*** Opening of Material supplied ***

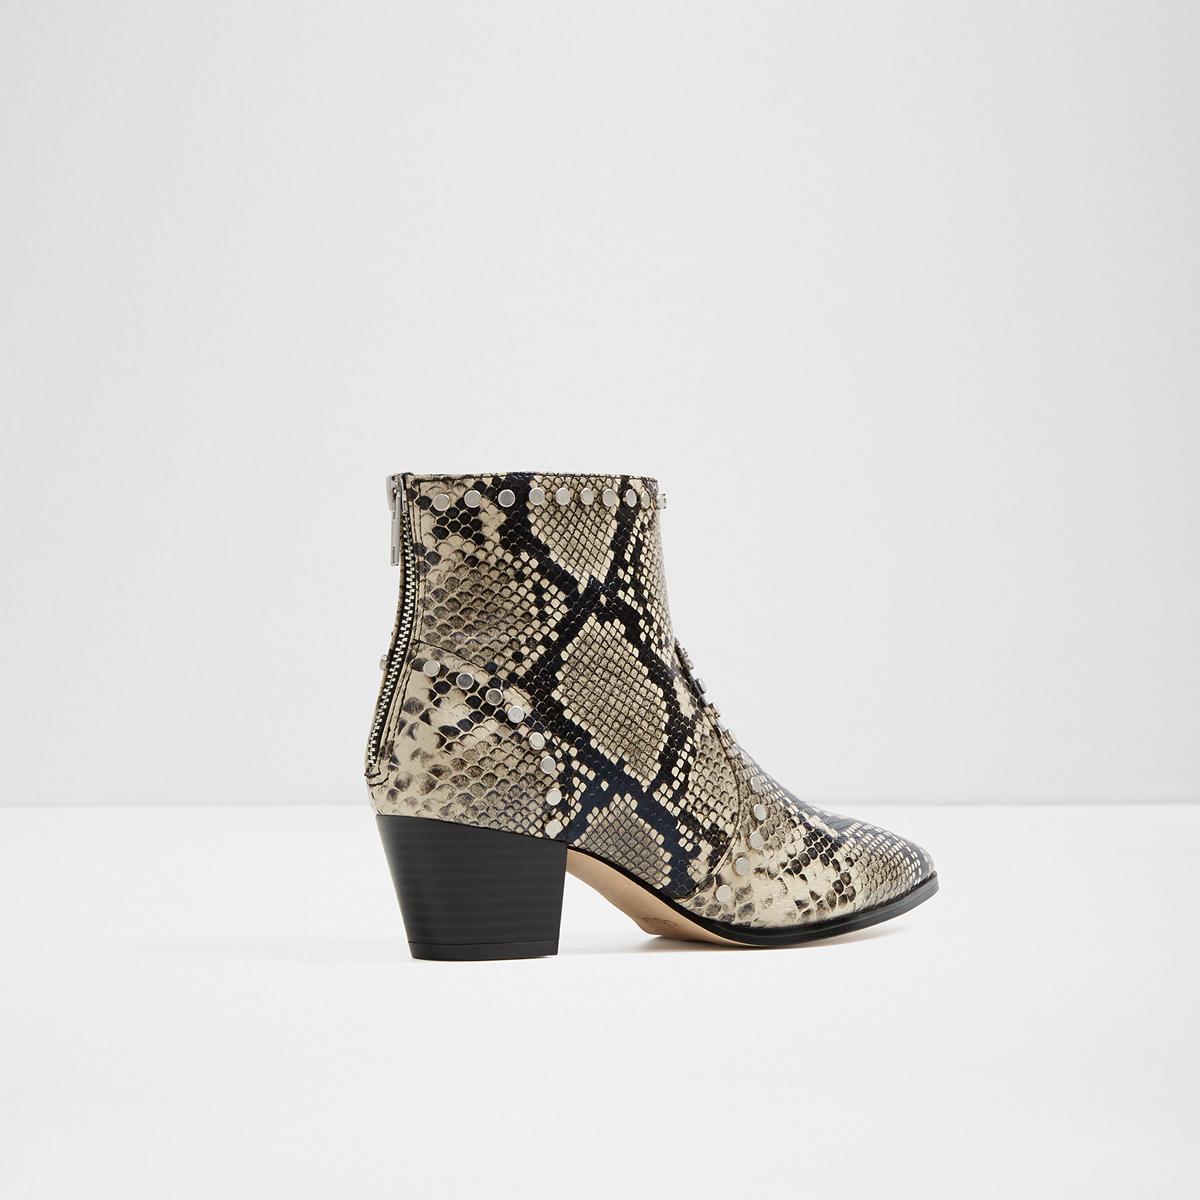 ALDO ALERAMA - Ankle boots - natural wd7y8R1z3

*** Close of Material supplied ***
*** Opening of Material supplied ***

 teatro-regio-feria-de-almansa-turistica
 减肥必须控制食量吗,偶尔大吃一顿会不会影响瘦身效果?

*** Close of Material supplied ***
*** Opening of Material supplied ***

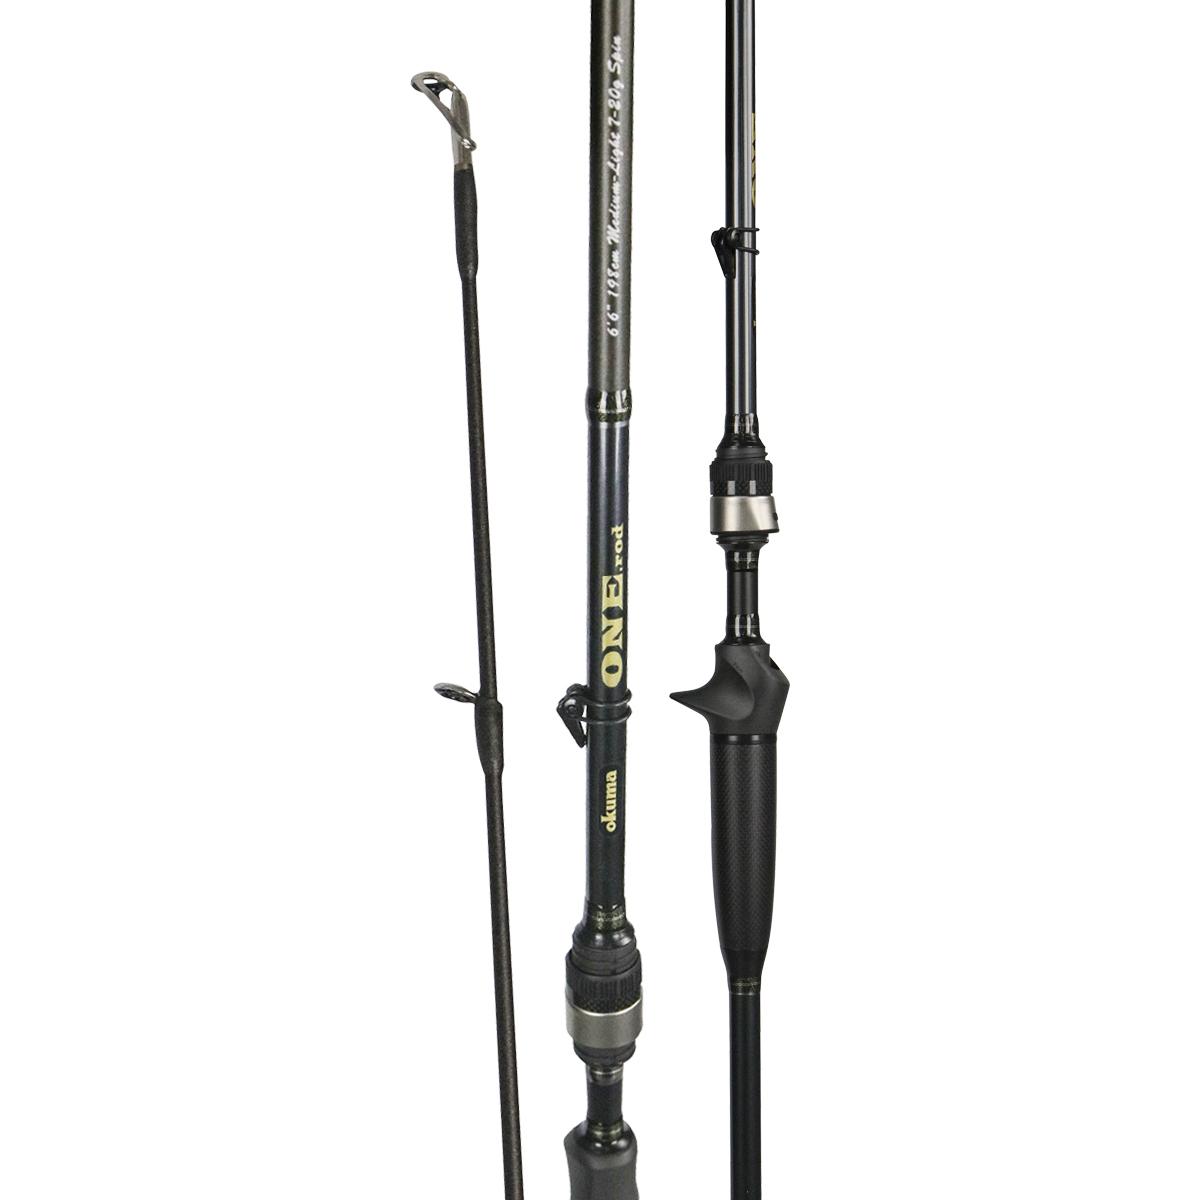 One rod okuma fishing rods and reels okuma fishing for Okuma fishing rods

*** Close of Material supplied ***

Your instructions: Start with the line above that contains "teatro-regio-feria-de-almansa-turistica" and stop after the line that contains "减肥必须控制食量吗,偶尔大吃一顿会不会影响瘦身效果?". Output those lines exactly, and only those.

Answer to the exercise:
 teatro-regio-feria-de-almansa-turistica
 减肥必须控制食量吗,偶尔大吃一顿会不会影响瘦身效果?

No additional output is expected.